Two decades ago, Taiwanese industry began its decline as a result of China’s opening its doors to the world. With its low labor, land and raw material costs, China turned itself into the world’s factory.
This led to the hollowing out of Taiwanese industry as an increasing number of companies relocated to China. The common language and culture facilitated the process.
This made it more difficult for companies remaining in Taiwan to maintain their competitive edge; the nation bled jobs; and its economic reliance on a hostile country was exacerbated.
However, the economic tide is turning once again. Alongside its economic development and changes internationally, China has become a less attractive location for companies seeking to enhance their competitiveness by reducing costs. Chinese firms seeking to avoid rising labor and land costs have also begun to relocate overseas.
While this trend is not exactly new, the present and potential tariffs being levied on Chinese goods by US President Donald Trump’s administration have only accelerated the process. The main beneficiaries of the exodus of Chinese firms are, in the short term at least, Southeast Asian nations, such as Malaysia, Thailand and Vietnam, which offer a skilled workforce, good infrastructure and a network of free-trade agreements, as well as shelter from Trump’s tariffs.
These countries are benefitting from increased Chinese investment, coupled with the potential for technology transfer.
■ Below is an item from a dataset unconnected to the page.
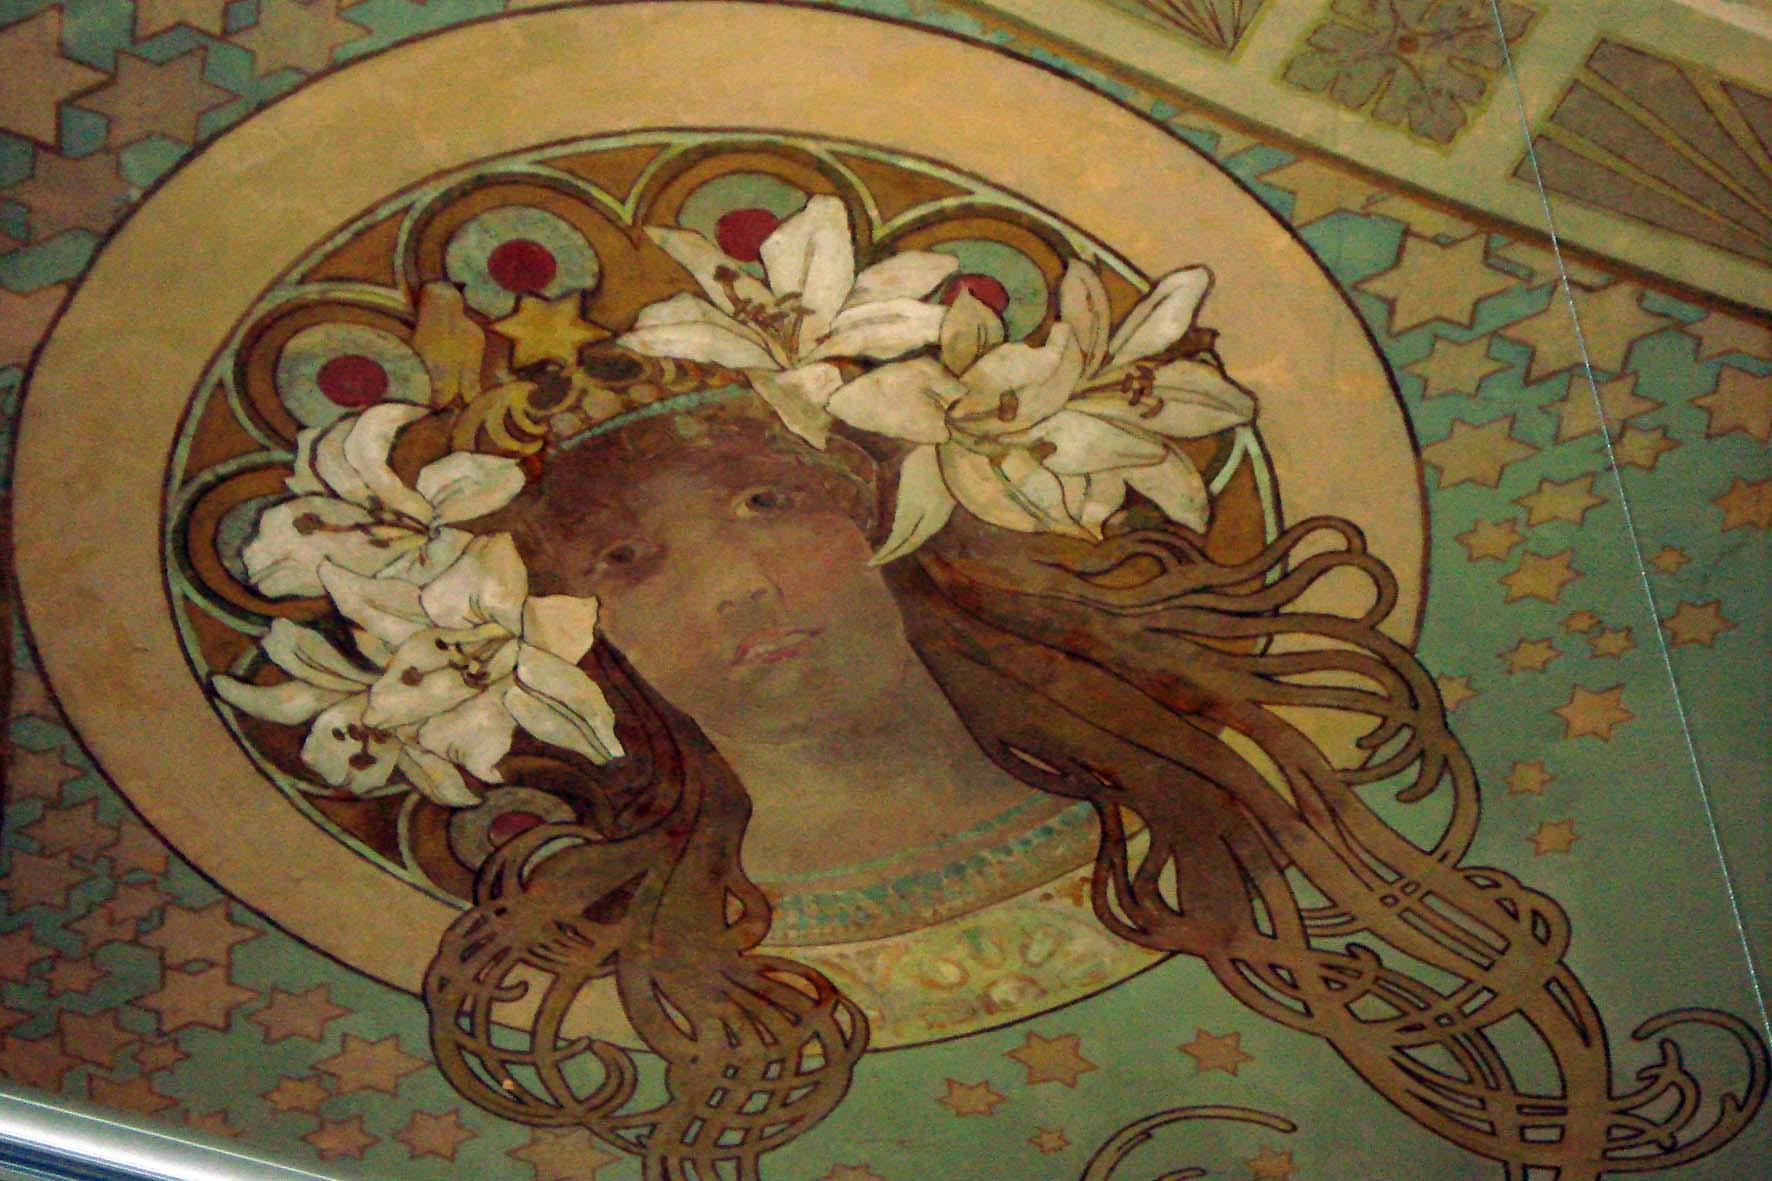 Шоколадный домик_Портрет Сары Бернар на потолке зала Модерн_Шелковичная17-2.JPG

However, they also want local workers to be employed and are not happy with the mass immigration of Chinese workers and importation of Chinese-manufactured equipment.
Malaysia has had its fingers burned before by allowing Belt and Road projects.
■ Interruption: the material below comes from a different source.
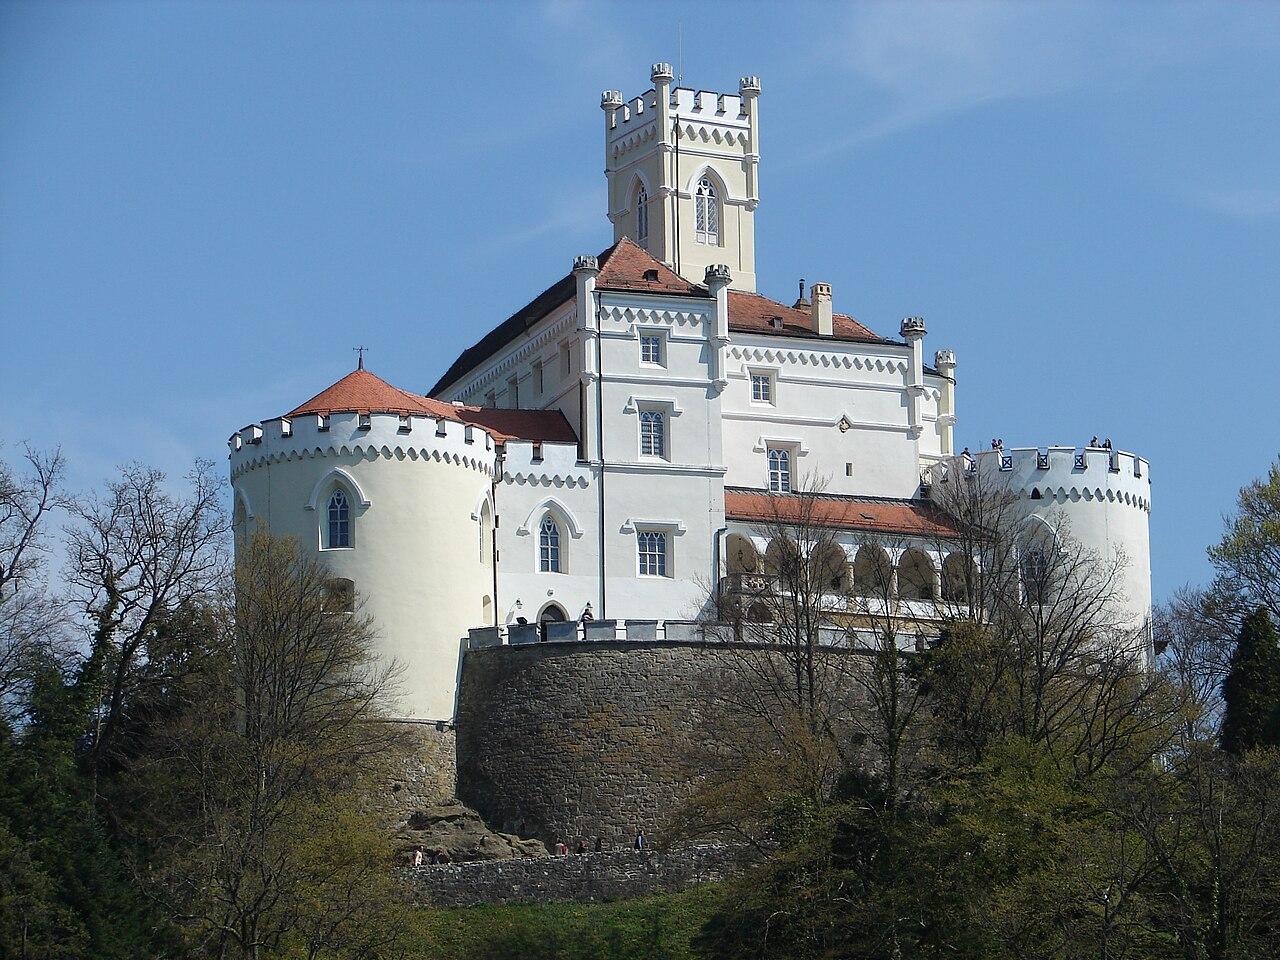 Dvorci koje verovatno nikada nećete posedovati - Page 4 1280px-Trako%C5%A1%C4%87an_2007

Taiwan has reason to be wary of increased Chinese investment — and is far more sensitive to the idea of immigration of Chinese workers as part and parcel of that process. Where Malaysia had reason to be concerned of a new wave of Chinese colonialism, Taiwan has the loss of its very sovereignty to contend with.
Just as Chinese companies are leaving due to hardheaded economic considerations, many Taiwanese companies in China are also beginning to explore the idea of returning home. This opens a window of opportunity for the government, but it cannot take anything for granted. These companies left Taiwan for China because of economic considerations, not out of infidelity. Now, as they consider their next move, it will be economic considerations informing them, not some kind of affinity with their homeland. Southeast Asian countries have a lot to offer Taiwanese companies, too.
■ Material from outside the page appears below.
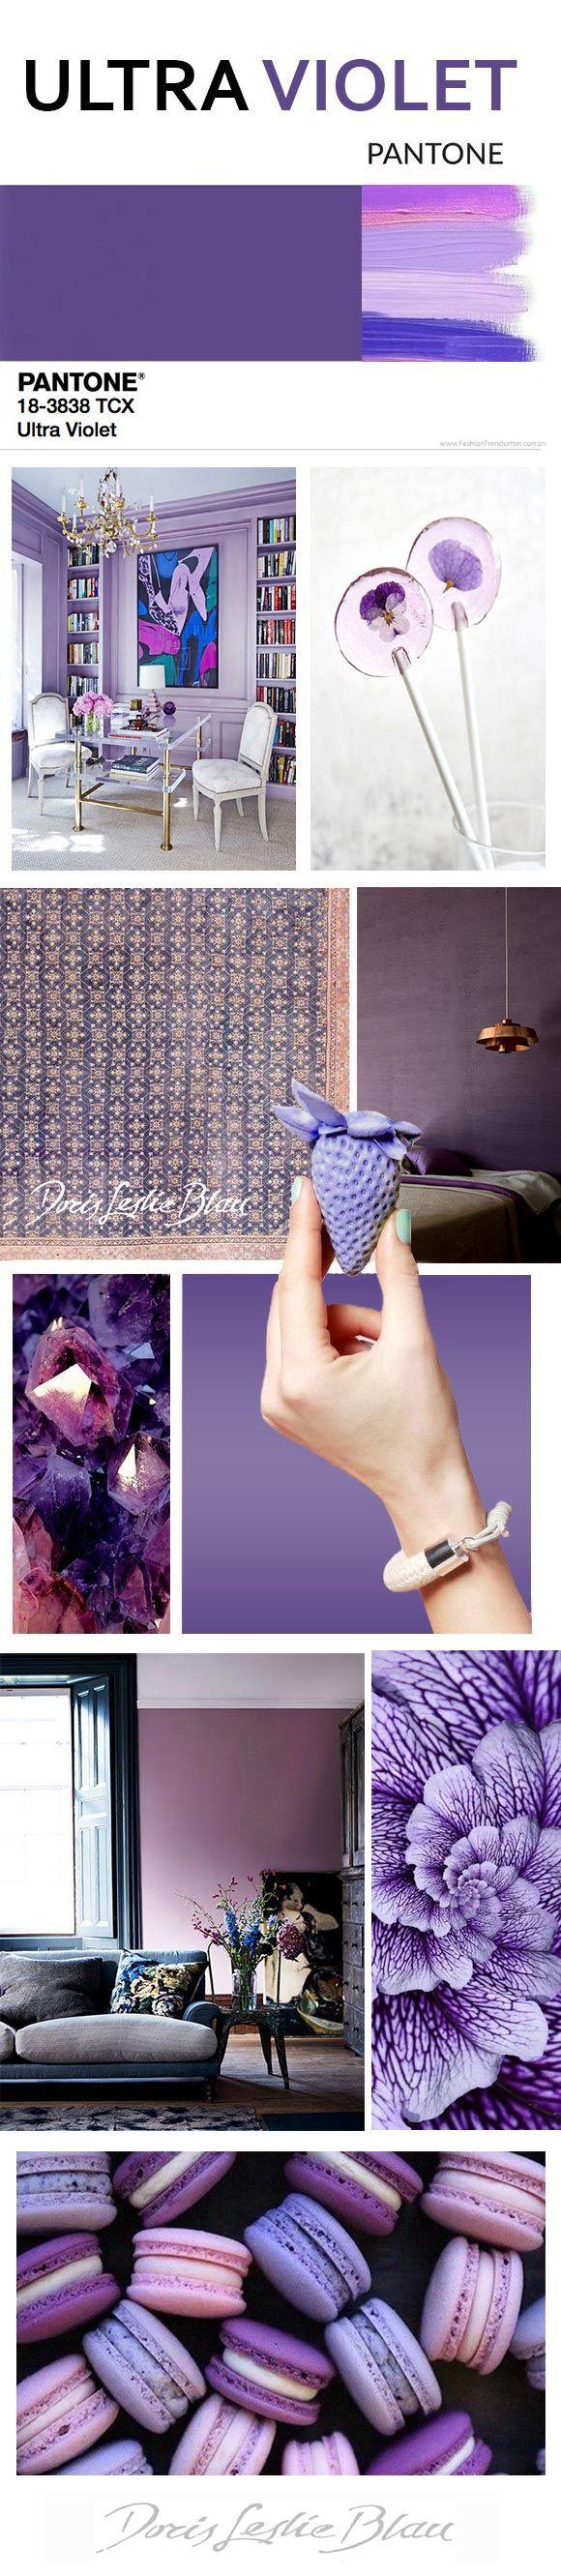 Ultra Violet: Pantone color of the 2018, violet interior decor #ultraviolet

Six months ago, Quanta Computer, one of the world’s leading laptop makers, relocated part of its server production back to New Taipei City’s Linkou District (林口). On Tuesday, Quanta chairman Barry Lam (林百里) said the company also plans to relocate production to Southeast Asia.
Inventec Corp president Maurice Wu (巫永財) has said that his company, a consumer electronics manufacturer, is moving part of its China operations to Taiwan.
In this way, the potential accelerated dislocation of Taiwan’s economic reliance on China might be an unintended, yet welcome, side effect of the US’ trade dispute with China.
In those terms, whether the Taiwanese companies relocate to Southeast Asian countries or Taiwan, the effect will be the same. In fact, this is also the thinking behind the government’s New Southbound Policy.
However, to attract companies back to Taiwan, the government needs to do more. One major area will be allaying concerns about the nation’s ability to supply sufficient and undisrupted power to energy-intensive industries, even after it moves toward a nuclear-free energy mix in the next seven years. This is one area where the government needs to invest a lot of energy.